Four different Thai traditional chili peppers, namely bird pepper (Capsicum frutescens), red chili spur peppers (Capsicum annuum), green bell peppers and sweet pepper (C. annuum) were investigated for their antimutagenic properties. Each chili was prepared in three formulations commonly used for chili food processing; raw paste (chili ground in water), pickled in vinegar or stir-fried in palm oil. Each sample was tested for its antimutagenic effect against urethane by using the somatic mutation and recombination of wing hair of Drosophila melanogaster as an indicator. Three-day-old larvae, trans-heterozygous for two genetic markers, multiple wing hairs mwh and orrigon (ORR;flr3), were exposed to urethane alone or in combination with each chili formulation. The various processing methods for chilies differentially extracted the antimutagenic chili components.

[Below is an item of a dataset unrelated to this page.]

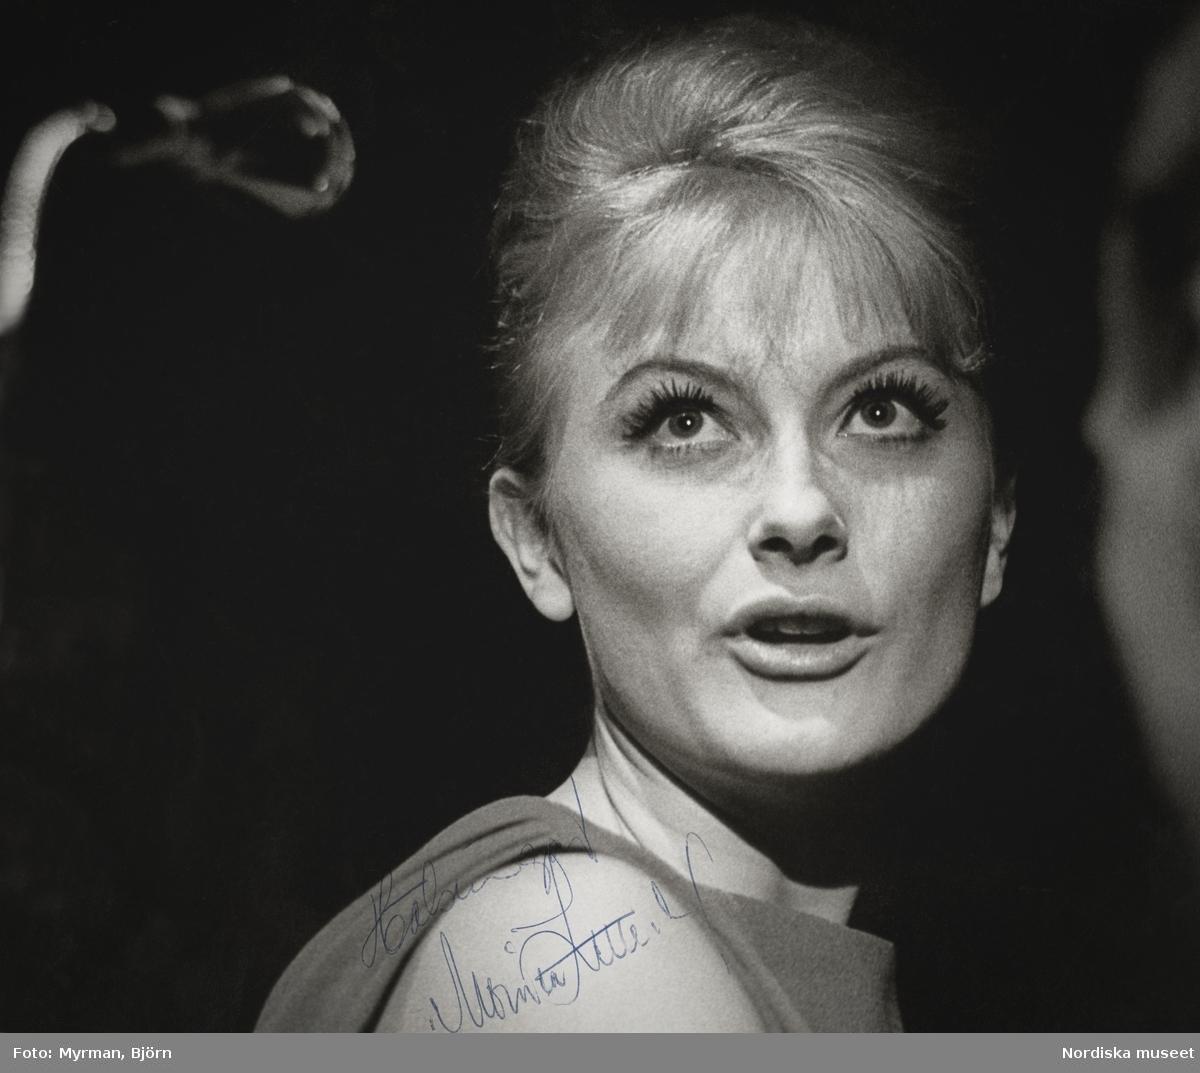 """Porträtt av sångerskan Monica Zetterlund (1937-2005), signerat """"Hälsningar Monica Zetterlund""""."""

The specific chili as well as the method of processing influenced the observed antimutagenic properties against urethane. This suggested each chili contains a unique complex mixture of many antimutagens. Co-treatment and pre-treatment experiments showed that both direct and indirect protective mechanisms are involved in an 'activation' process to give antimutagenesis effects. An association between antigenotoxicity and glutathione transferase activity could not be established.

摘要

对四种不同的泰国传统辣椒,即朝天椒(辣椒)、红尖椒(辣椒)、青椒和甜椒(辣椒)的抗诱变特性进行了研究。每种辣椒都采用了三种常用于辣椒食品加工的配方进行制备:生糊(辣椒在水中研磨)、醋渍或用棕榈油炒制。通过以黑腹果蝇翅毛的体细胞突变和重组为指标,测试了每个样品对氨基甲酸乙酯的抗诱变作用。将携带两个遗传标记(多翅毛mwh和orrigon(ORR;flr3))的三日龄转杂合幼虫单独或与每种辣椒配方联合暴露于氨基甲酸乙酯。辣椒的各种加工方法对辣椒抗诱变成分的提取存在差异。特定的辣椒以及加工方法会影响观察到的对氨基甲酸乙酯的抗诱变特性。这表明每种辣椒都含有许多抗诱变剂的独特复杂混合物。共处理和预处理实验表明,直接和间接保护机制都参与了产生抗诱变作用的“激活”过程。无法确定抗原毒性与谷胱甘肽转移酶活性之间的关联。